Index talk:Koht jemne mil̦t vьjet.pdf

From Wikisource
Jump to navigation Jump to search


This book uses an alphabet that is mostly Latin, but with some Cyrillic letters mixed in. There is also a letter that looks like a small 8, which I have not been able to find in Unicode. I will transcribe this with ŝ for now, until a better solution is found. Better solution found: S with stroke (Ꞩ, ꞩ)

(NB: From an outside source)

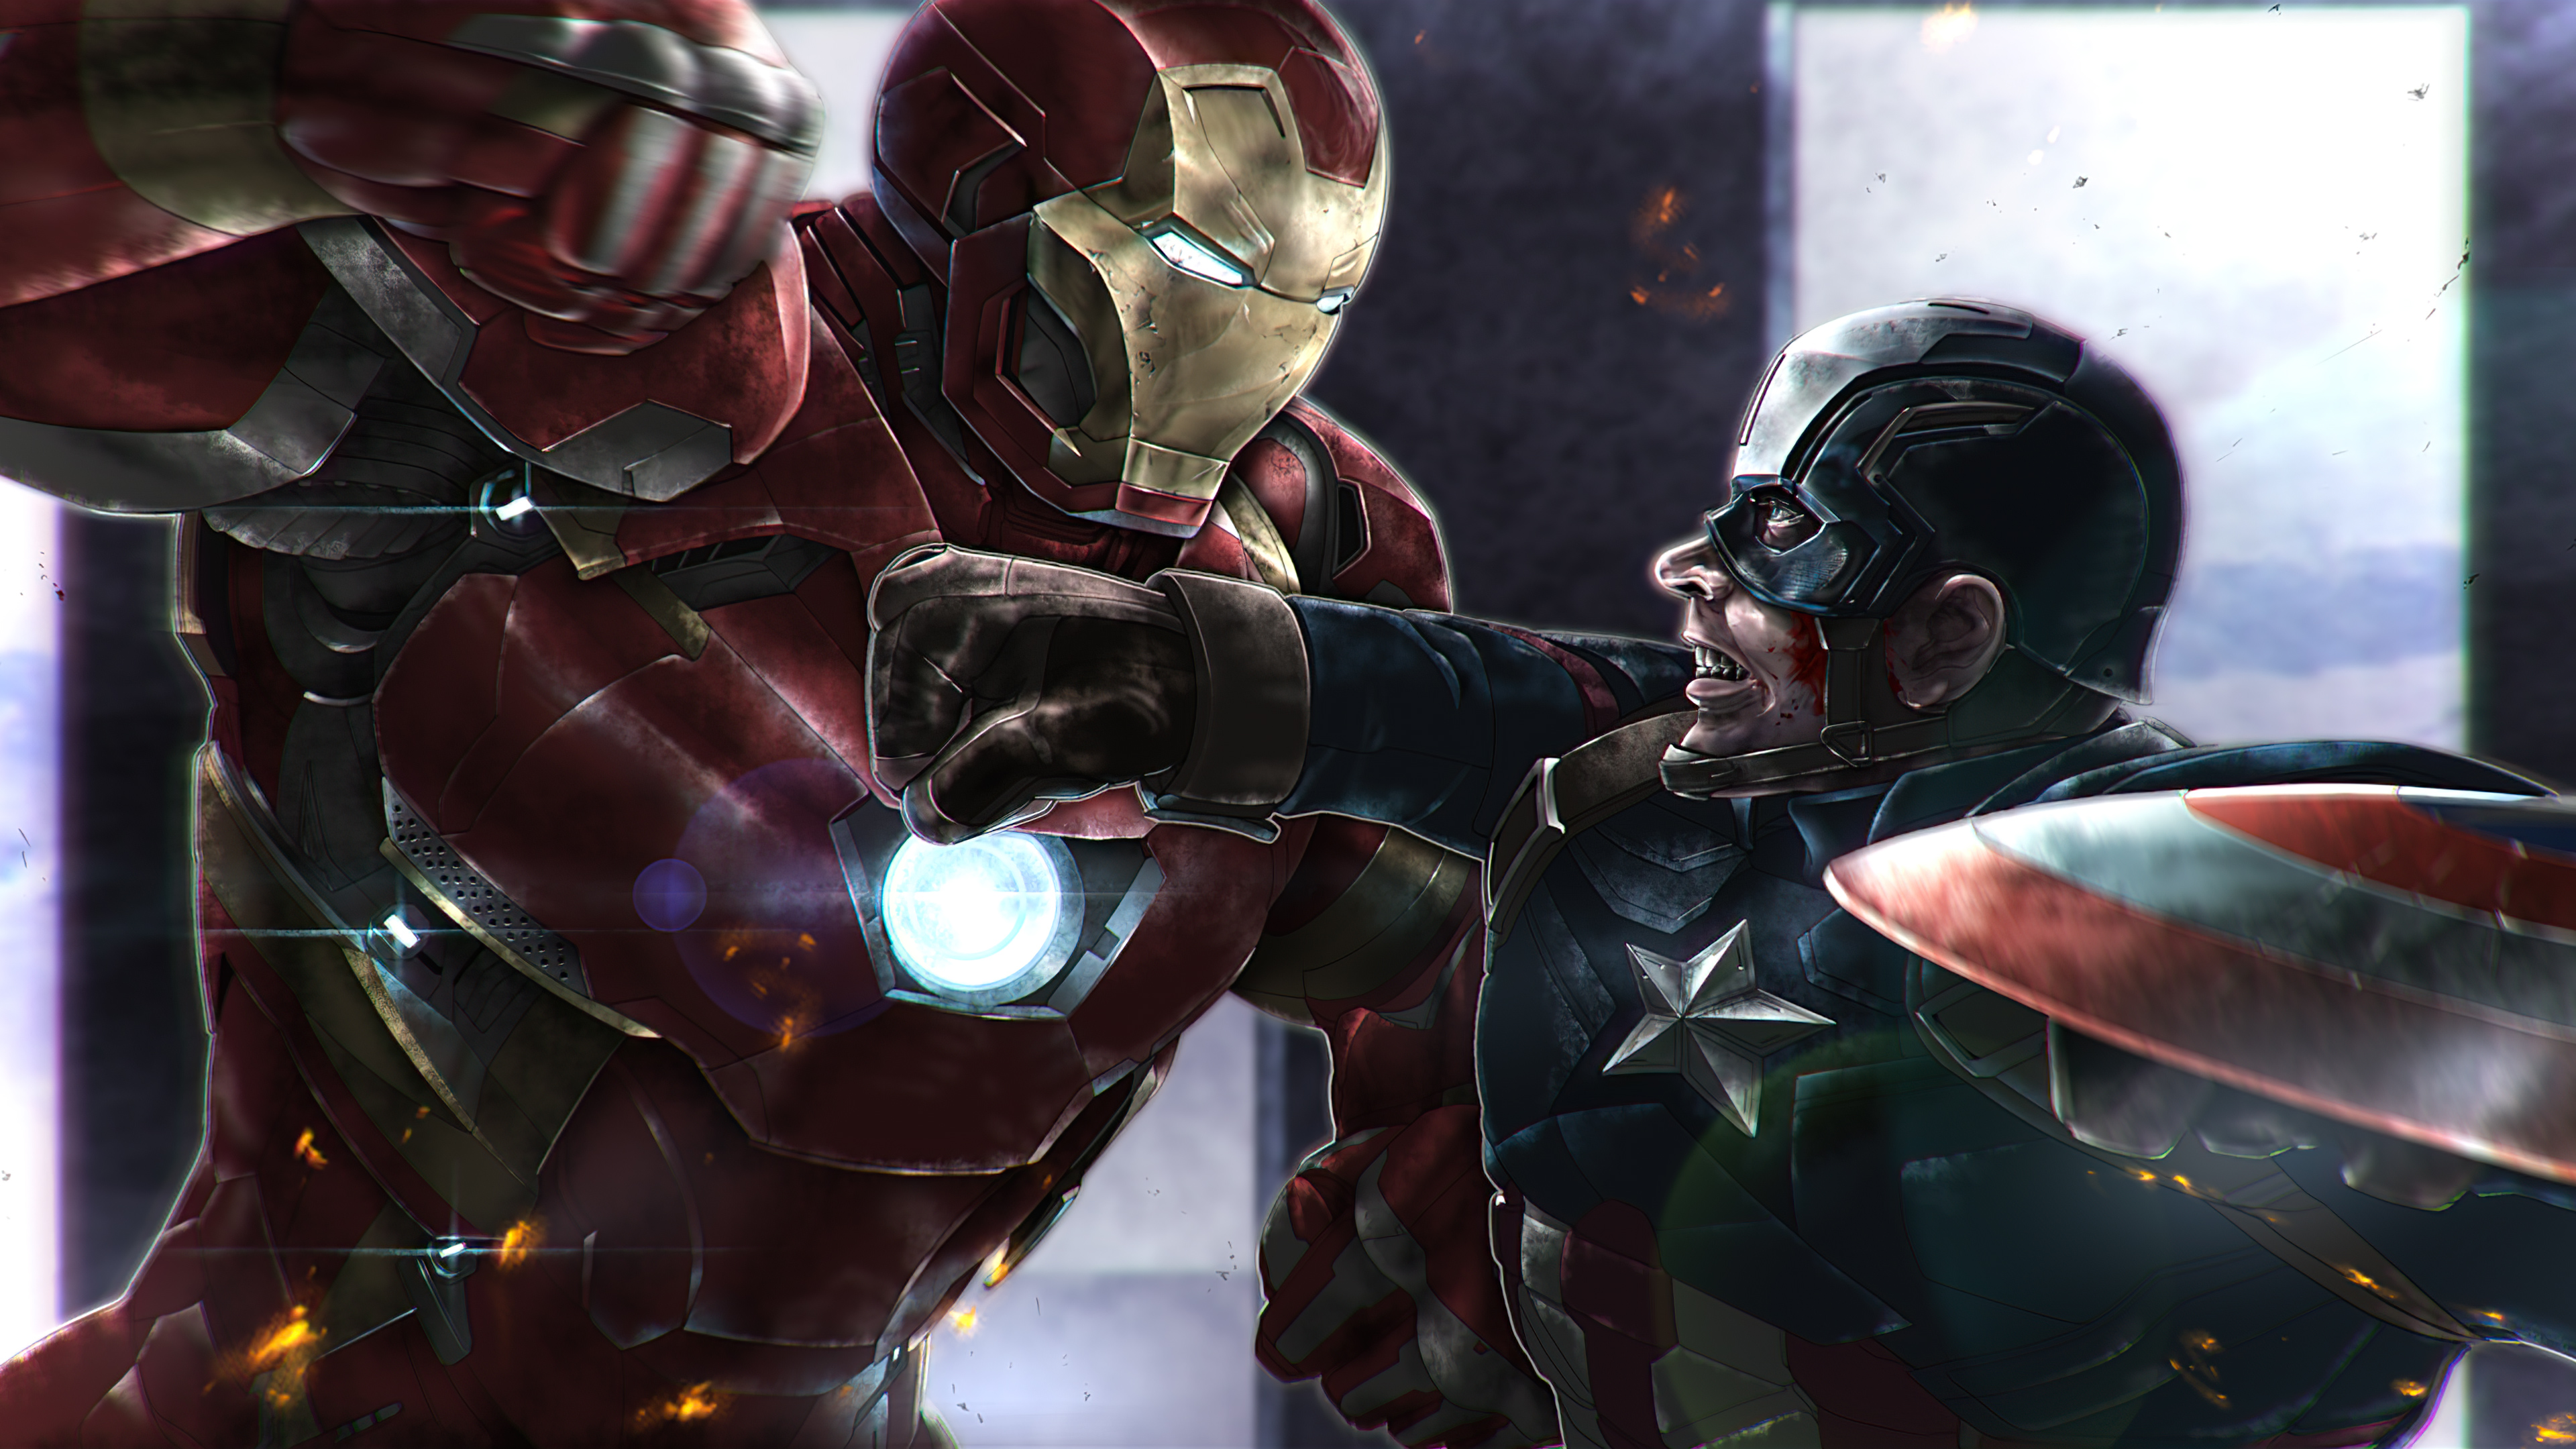 Captain America Vs Iron Man Wallpapers

The following Cyrillic letters are used mixed in with Latin:

  • в
  • є
  • з
  • ь

Some of them possibly have better-suited Latin script variants. I will research this later. Jon Harald Søby (talk) 12:31, 26 February 2019 (UTC)Reply[reply]

@Jon Harald Søby: This is the so-called Unified Northern Alphabet. I've also a relevant publication (An OCR system for the Unified Northern Alphabet) on the topic. Michael.riessler (talk) 12:25, 13 November 2019 (UTC)Reply[reply]
@Michael.riessler: Oh, that is awesome. Do you have any idea how we can apply this OCR in Wikisource? I'm afraid I have no experience with OCR at all, really. Jon Harald Søby (talk) 12:34, 13 November 2019 (UTC)Reply[reply]